What are you waiting for? What do you want to end? What do you want to begin? What needs a restart? We’re always waiting for something — the healing of a friendship, the hope of a new relationship, the end of school, the perfect job, or just a job, any job.
“My soul waits more than those who watch for the morning, more than those who watch for the morning.”
To be human is to learn how to wait, to wait nine months to be born, to wait to walk, to talk, to wait to drive a car, and to stay out past 10 at night on weekends, to wait for summer break, to wait an hour or two for the radio station to play “Smells Like Teen Spirit” again because your parents would never let you buy the album, on cassette, especially with that cover; to wait to graduate high school, waiting for a good job, waiting for love.

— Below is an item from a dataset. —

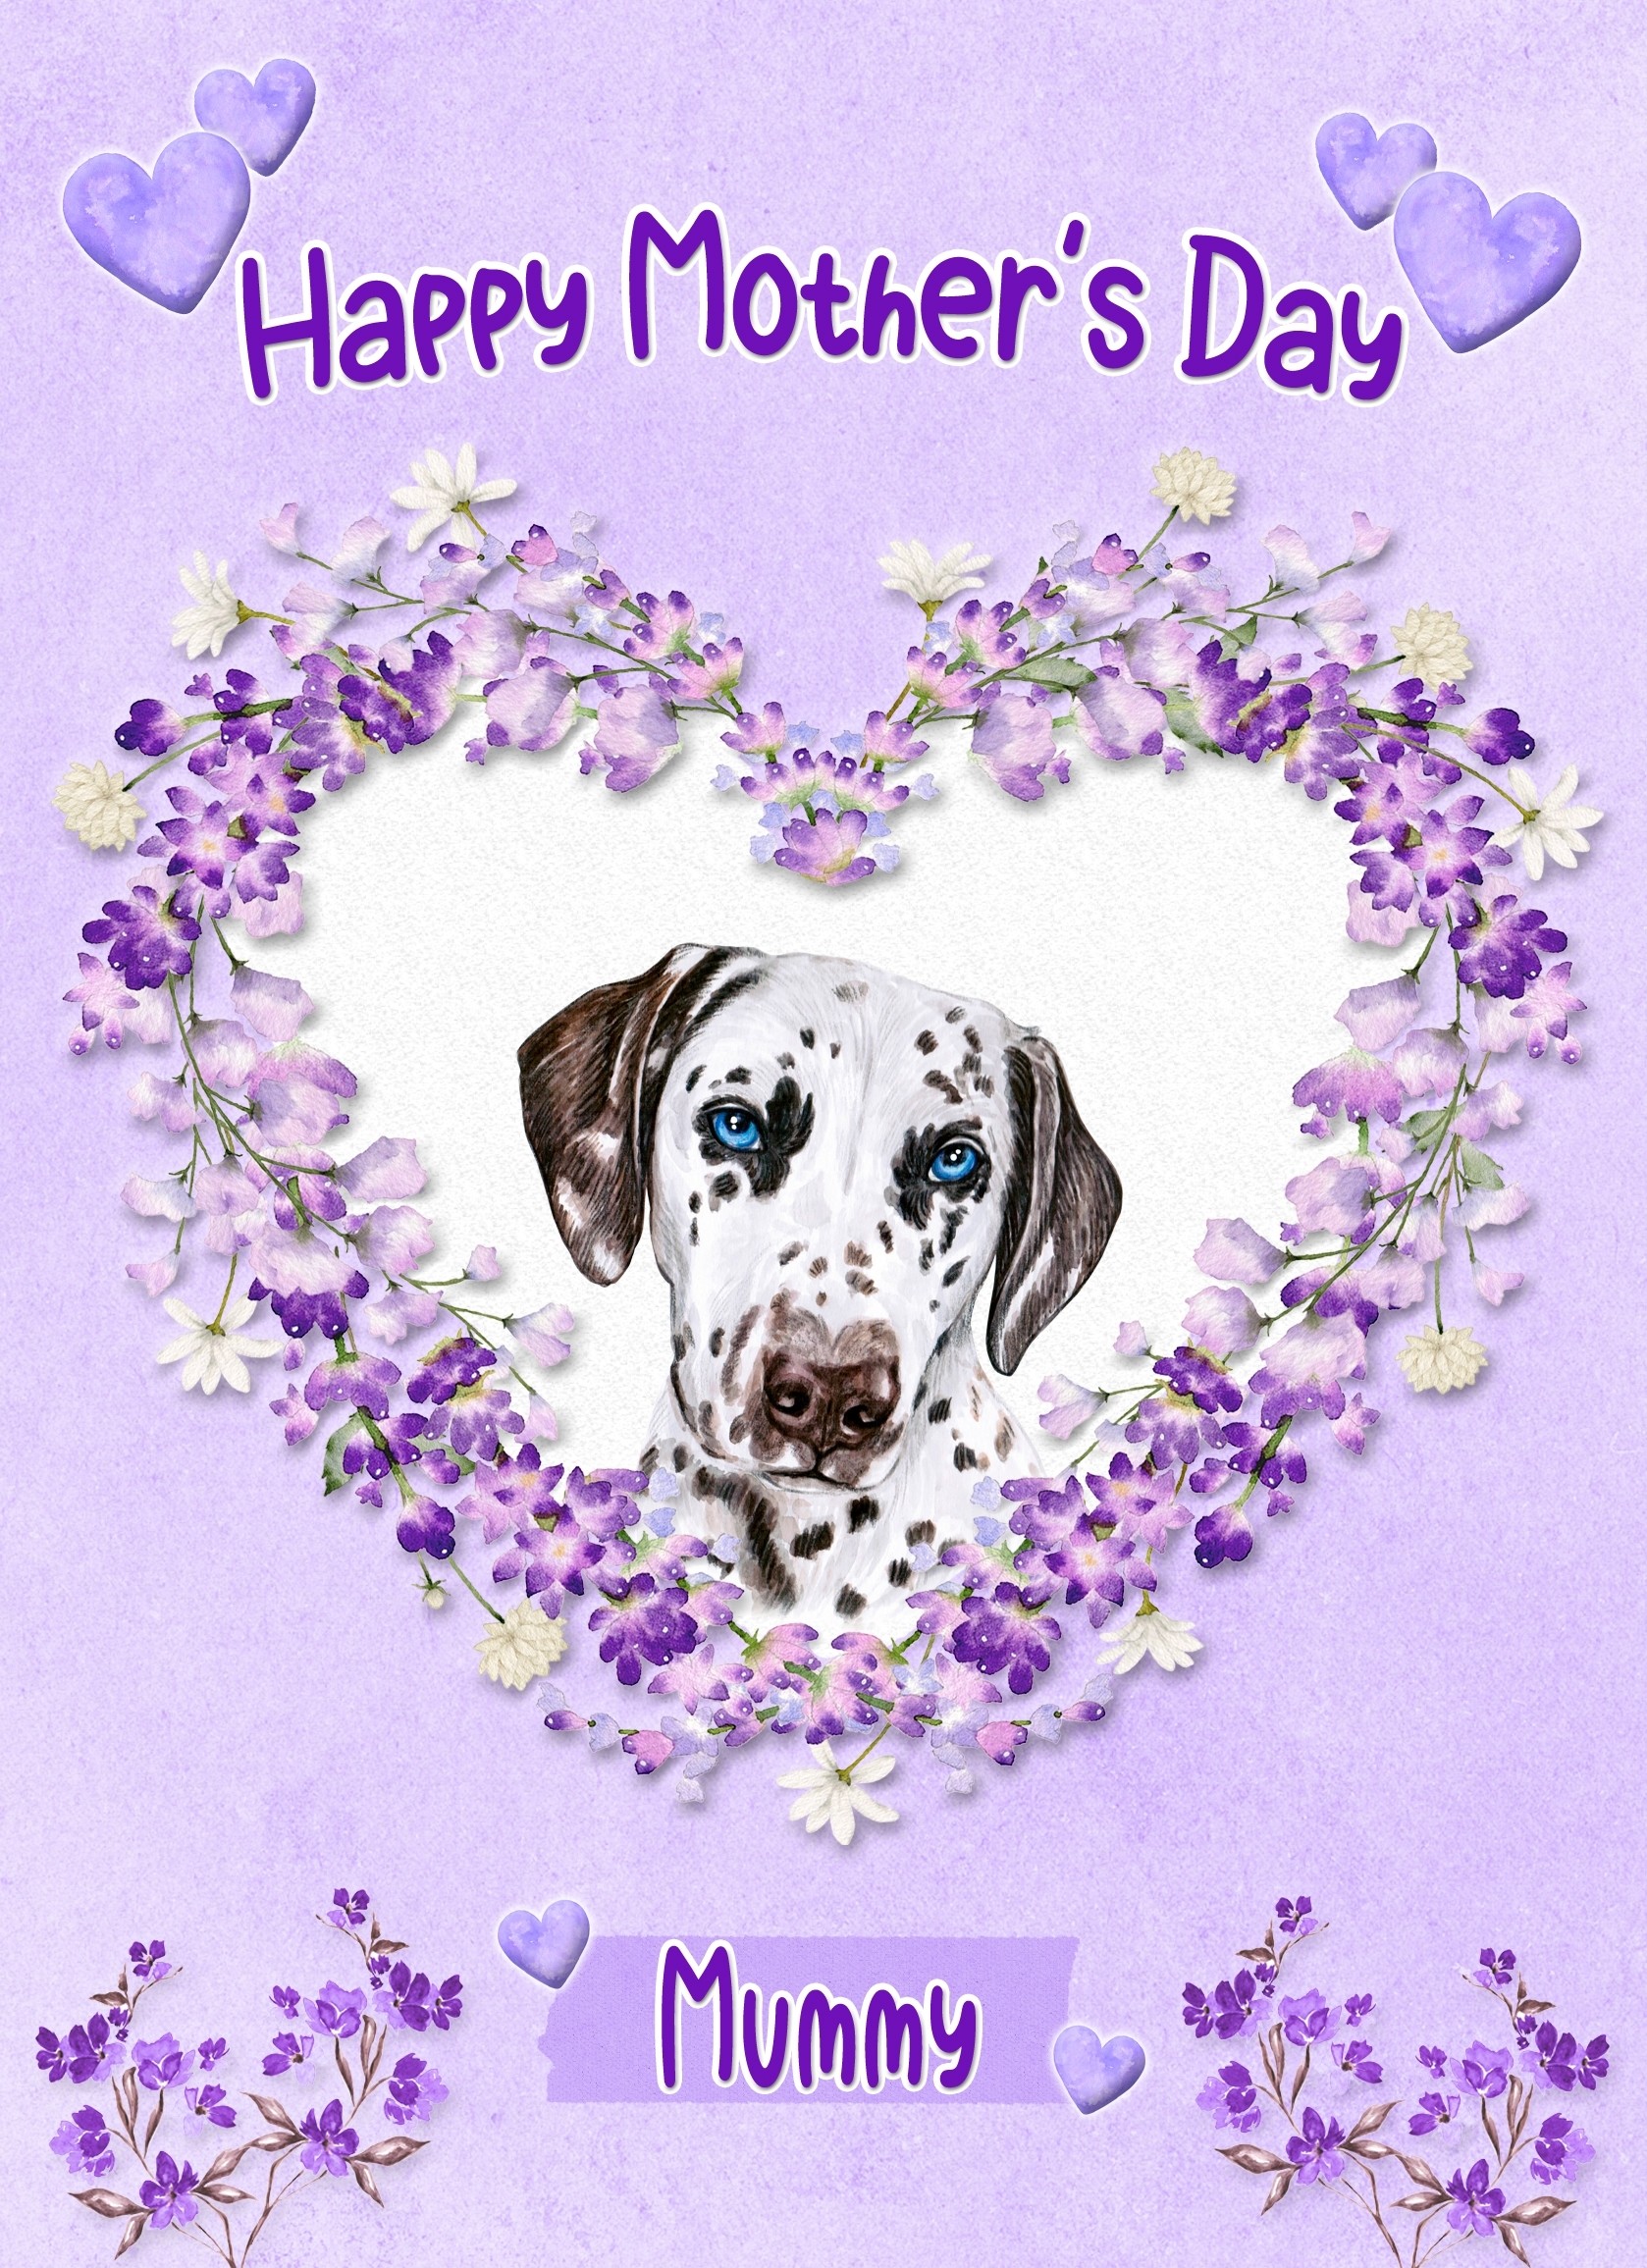 Dalmatian Dog Mothers Day Card (Happy Mothers, Mummy)

To be human is to wait, to live with the limits of time. That’s what it means to be a creature, a human creature. Learning to be a human being takes time; it takes time to grow into ourselves. It takes time to figure ourselves out. It takes time for our wounds to heal.
We have to wait for things, sometimes for a long time, sometimes forever.
The story of Lazarus is a story about waiting. He’s dying, so his sisters send a message to Jesus, their friend, and beg him to come, to come quickly, so he can heal Lazarus, because he might die. There’s no time for waiting. Mary and Martha can’t wait, because waiting means death. But Jesus doesn’t rush to Lazarus, he doesn’t rush to his bedside, to heal him. Jesus waits: “after having heard that Lazarus was ill,” it says in verse 6, “he stayed two days longer in the place where he was.” If we didn’t know how the story ends, this would seem cruel — the way Jesus takes his time, staying where he is, and making Martha and Mary wait longer than they should have to.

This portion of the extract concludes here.